SUPPLIED DATA –
......
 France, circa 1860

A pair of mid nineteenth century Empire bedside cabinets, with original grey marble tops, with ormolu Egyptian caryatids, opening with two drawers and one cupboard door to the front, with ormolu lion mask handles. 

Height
......
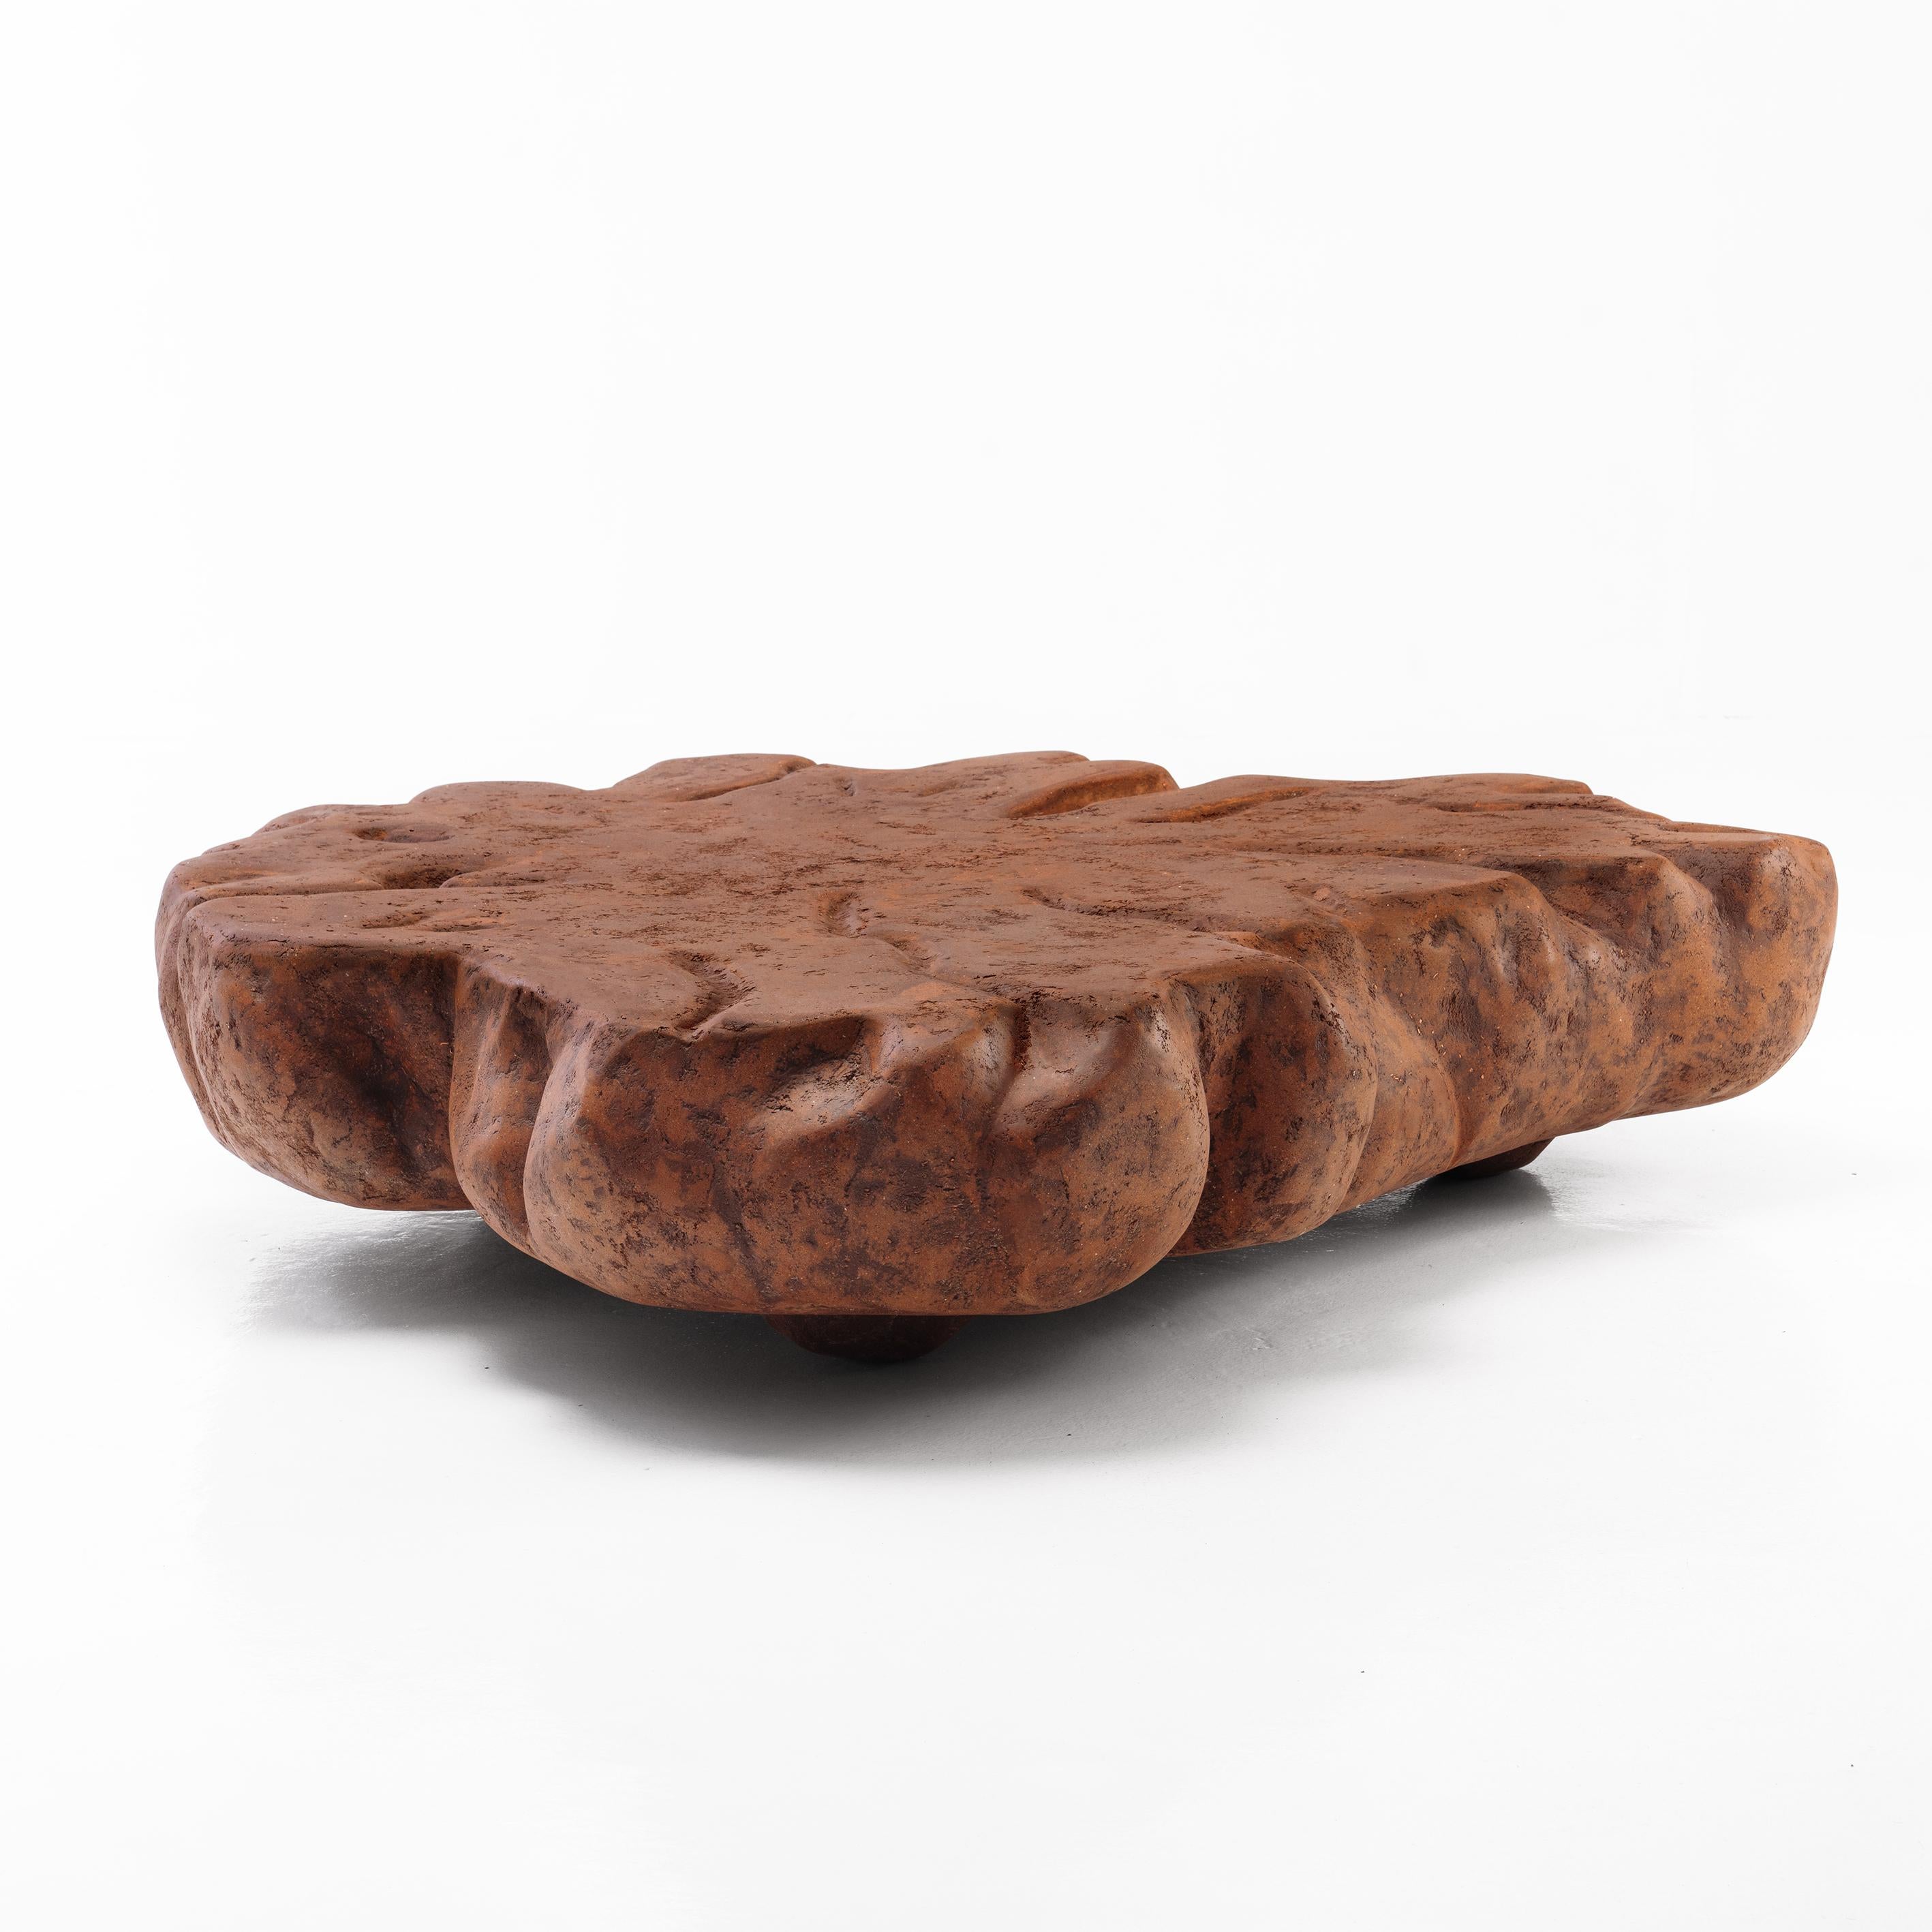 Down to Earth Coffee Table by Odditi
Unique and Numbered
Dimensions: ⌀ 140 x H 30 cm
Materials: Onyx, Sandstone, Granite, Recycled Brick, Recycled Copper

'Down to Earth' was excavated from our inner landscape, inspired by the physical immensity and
......
WORK ITEM –
From the entries above, extract only the lines running from the one containing "Dimensions: ⌀ 140 x H 30 cm" through the one containing "physical immensity and", inclusive.

RESPONSE –
Dimensions: ⌀ 140 x H 30 cm
Materials: Onyx, Sandstone, Granite, Recycled Brick, Recycled Copper

'Down to Earth' was excavated from our inner landscape, inspired by the physical immensity and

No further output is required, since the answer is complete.